Standard Chartered Chosen as 21Shares’ New Digital Asset Custodian


What’s Behind 21Shares Choosing Standard Chartered as Custodian?
Standard Chartered has been selected by digital asset manager 21Shares as its new crypto custodian, marking another push by major banks into a field long dominated by crypto-native firms. According to an announcement shared with Cointelegraph, the bank will provide digital asset custody through its Luxembourg-based platform, expanding the bank’s growing crypto infrastructure.
Margaret Harwood-Jones, global head of financing and securities services at Standard Chartered, said the partnership allows the firm to extend its expertise into “the quick-evolving digital asset ecosystem.”
The move raises a clear question: what happens to 21Shares’ existing crypto custodian? In June 2024, the company partnered with crypto-native Zodia Custody to hold its assets. Zodia was co-founded by Standard Chartered in 2020 but operated separately at a time when the bank publicly distanced itself from direct crypto exposure.
Whether Standard Chartered’s new custody unit will replace Zodia or operate alongside it remains unclear. Neither Standard Chartered nor 21Shares nor Zodia responded to media requests at publication time.
Investor Takeaway
Why Traditional Finance Is Expanding Into Crypto Custody
The partnership comes amid a broader wave of traditional finance . Standard Chartered launched an institutional crypto trading service in July, allowing corporate and professional clients to trade major tokens through a fully regulated channel.
For 21Shares, one of the world’s largest platform-traded crypto product issuers, bank-level custody adds perceived security and credibility — key factors for a firm whose products must meet institutional and regulatory standards across multiple jurisdictions.
Mandy Chiu, global head of product development at 21Shares, called the partnership an “significant milestone” in bringing institutional-grade infrastructure to the , citing Standard Chartered’s reputation in traditional finance.
The bank is not alone. U.S. Bancorp relaunched its in September later than previously pulling back due to regulatory pressure. Citigroup is exploring cryptocurrency custody and payment tools, and Deutsche Bank has reported plans to allow clients to store crypto assets.
European banks, in particular, are positioning themselves for the MiCA era — a regulatory framework that will tighten oversight over stablecoins, custodians and begining in 2025.
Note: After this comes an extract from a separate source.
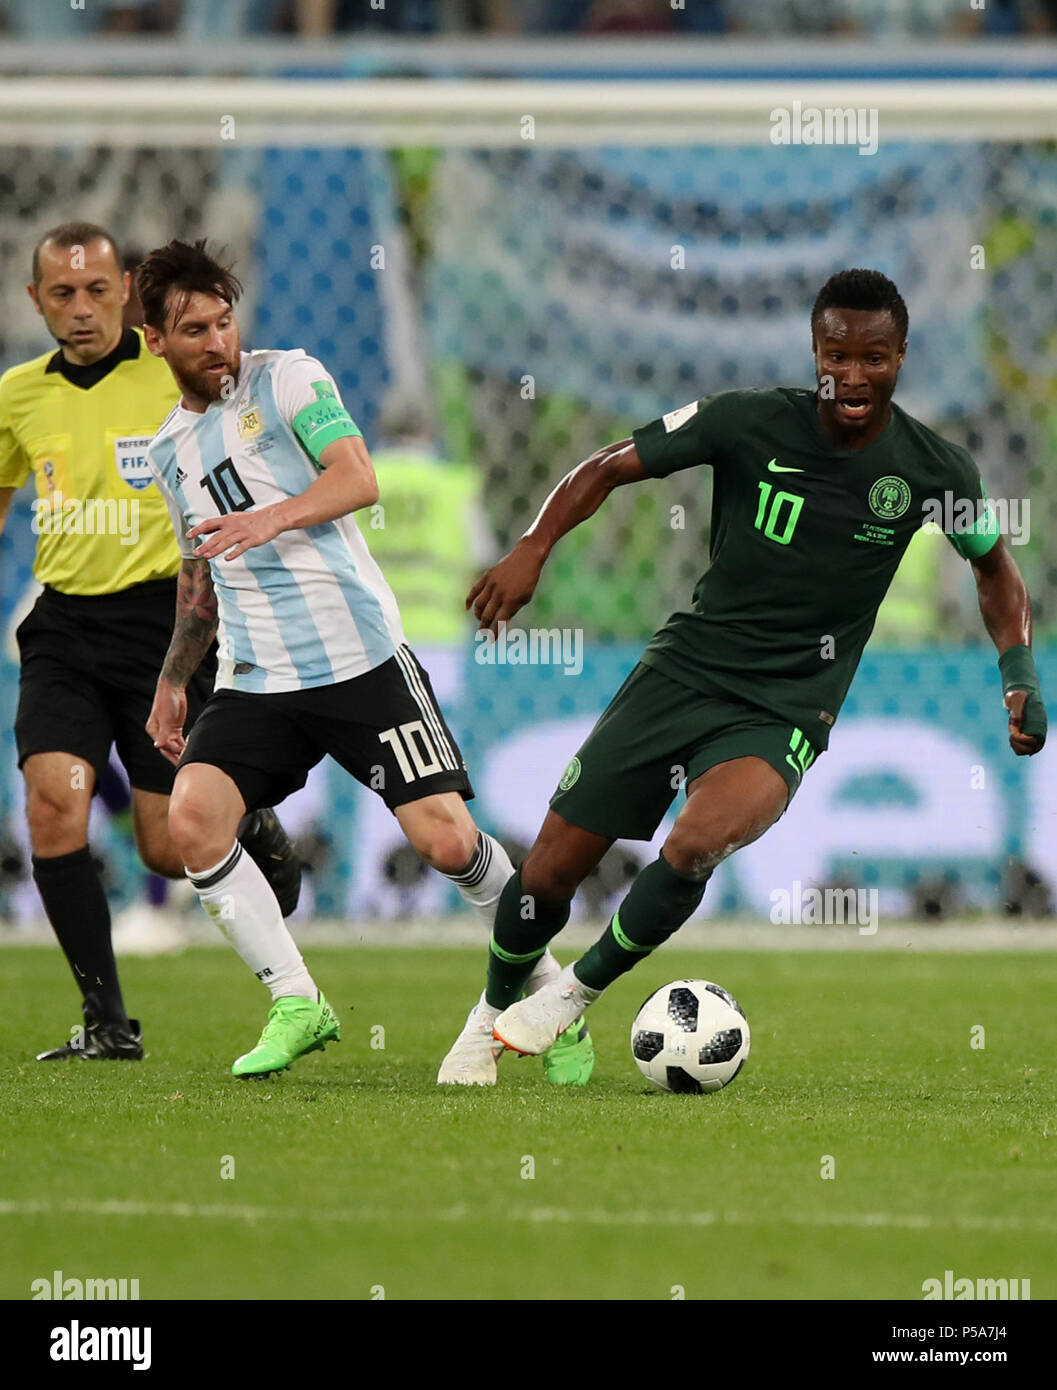 Saint Petersburg, Russia. 26th June, 2018. John Obi Mikel (R) of Nigeria vies with Lionel Messi (C) of Argentina during the 2018 FIFA World Cup Group D match between Nigeria and Argentina in Saint Petersburg, Russia, June 26, 2018. Credit: Wu Zhuang/Xinhua/Alamy Live News Stock Photo

How TradFi’s Entry Is Reshaping Crypto Infrastructure
As more established banks move into the sector, crypto-native institutions are facing renewed competition. Banks bring regulatory clarity, balance-sheet strength, compliance frameworks and entrenched client relationships — advantages that can be decisive for asset managers managing billions.
This competitive shift is not without cultural backlash. Some long-time industry participants view the migration of large BTC wallets into ETFs, institutional channels and bank-backed custodians as a departure from the original crypto ethos.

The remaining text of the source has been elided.